YOUR OBJECTIVE » Give back all of the data exactly, with every picture omitted.

GIVEN MATERIAL »
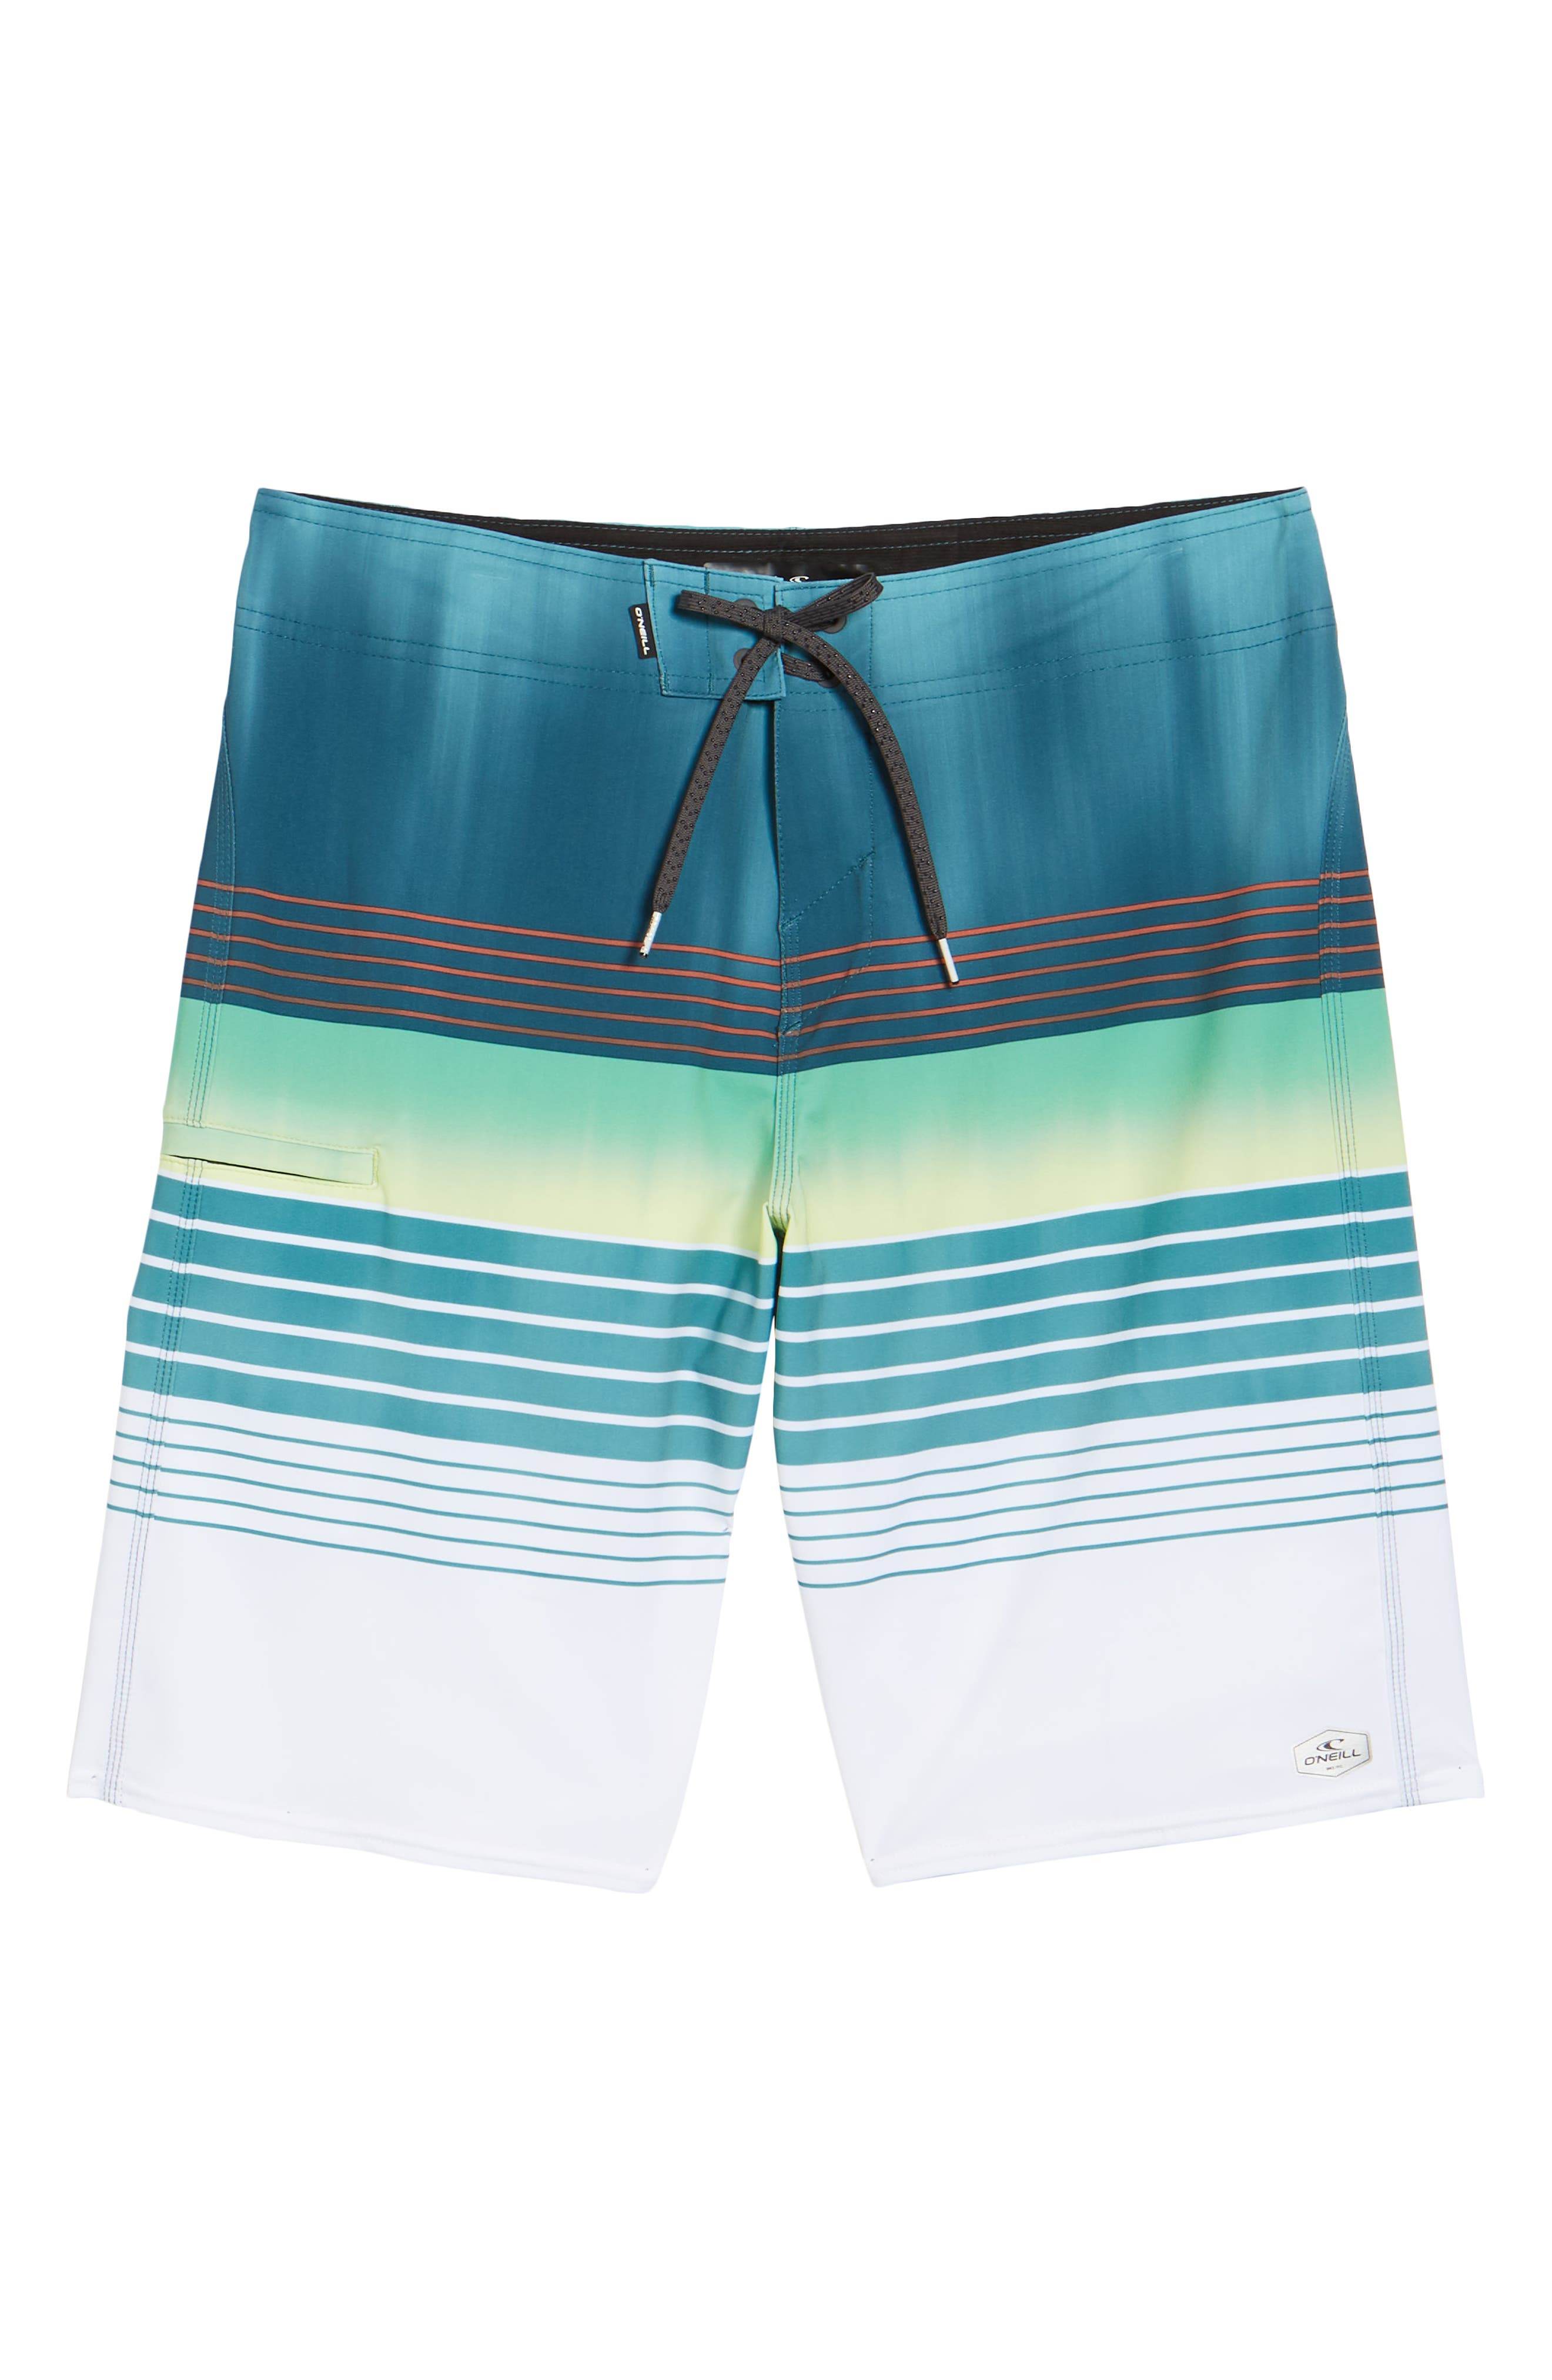 Hyperfreak Heist Board Shorts,                             Alternate thumbnail 6, color,                             DARK BLUE
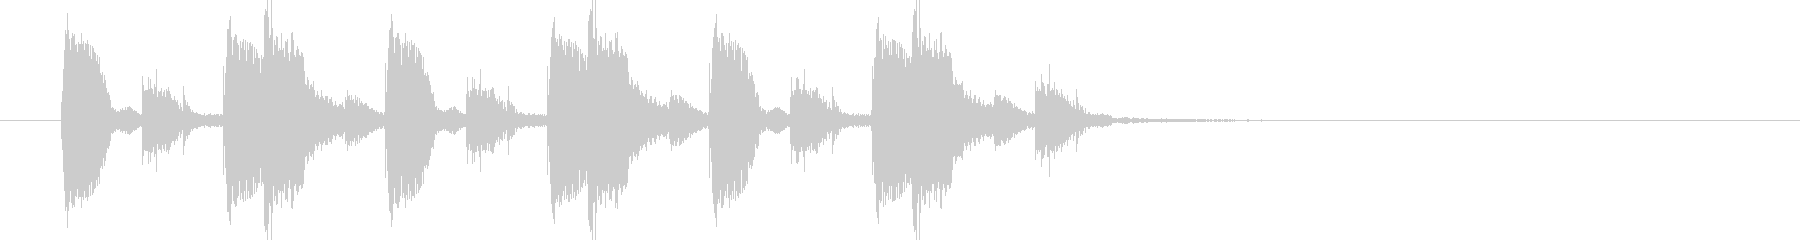 Analog synth techno pop jingle's unreproduced waveform
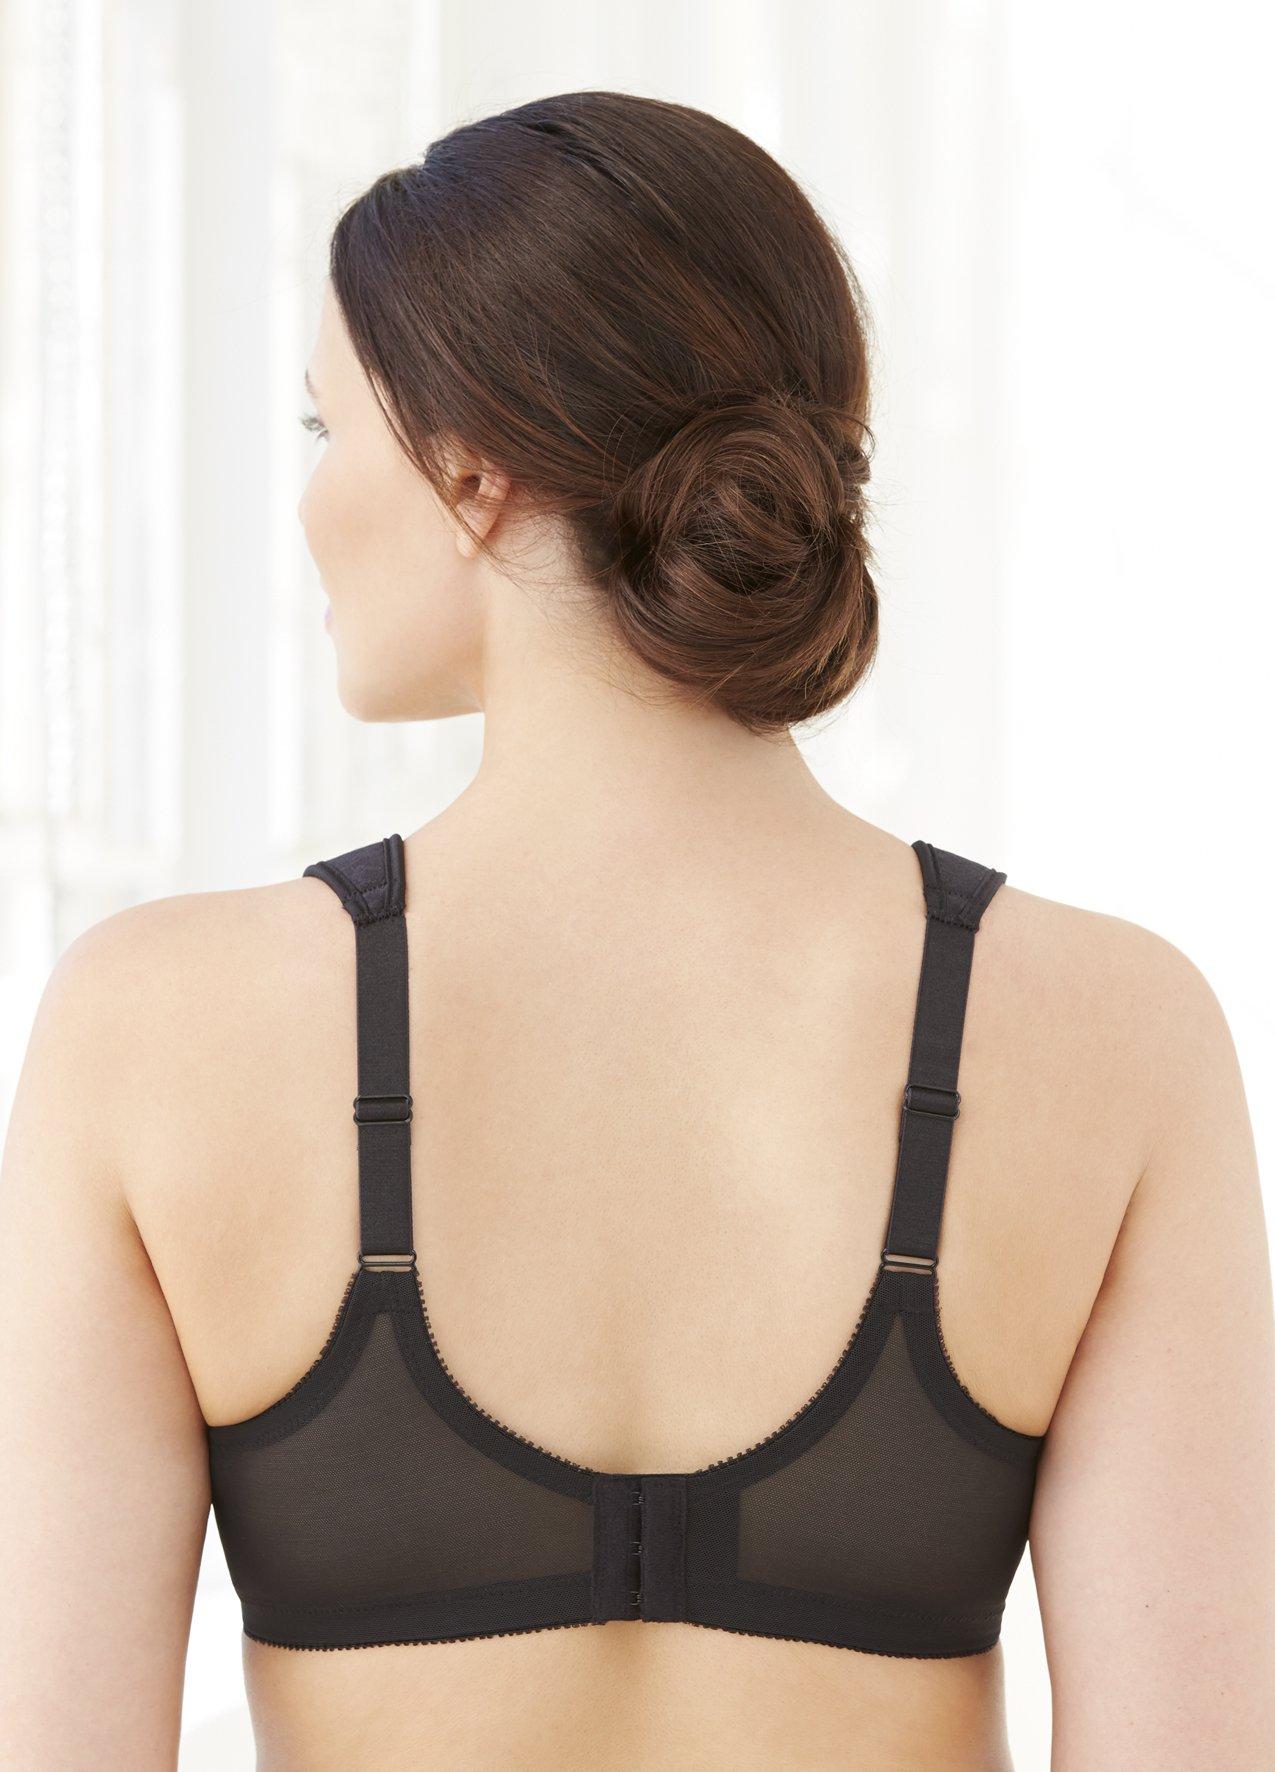 Glamorise Women's Plus-Size Full-Figure Sports Bra 1006, Pink, 34G by Glamorise (Image #3)

TASK SOLUTION »
 Hyperfreak Heist Board Shorts,                             Alternate thumbnail 6, color,                             DARK BLUE
 Analog synth techno pop jingle's unreproduced waveform
 Glamorise Women's Plus-Size Full-Figure Sports Bra 1006, Pink, 34G by Glamorise (Image #3)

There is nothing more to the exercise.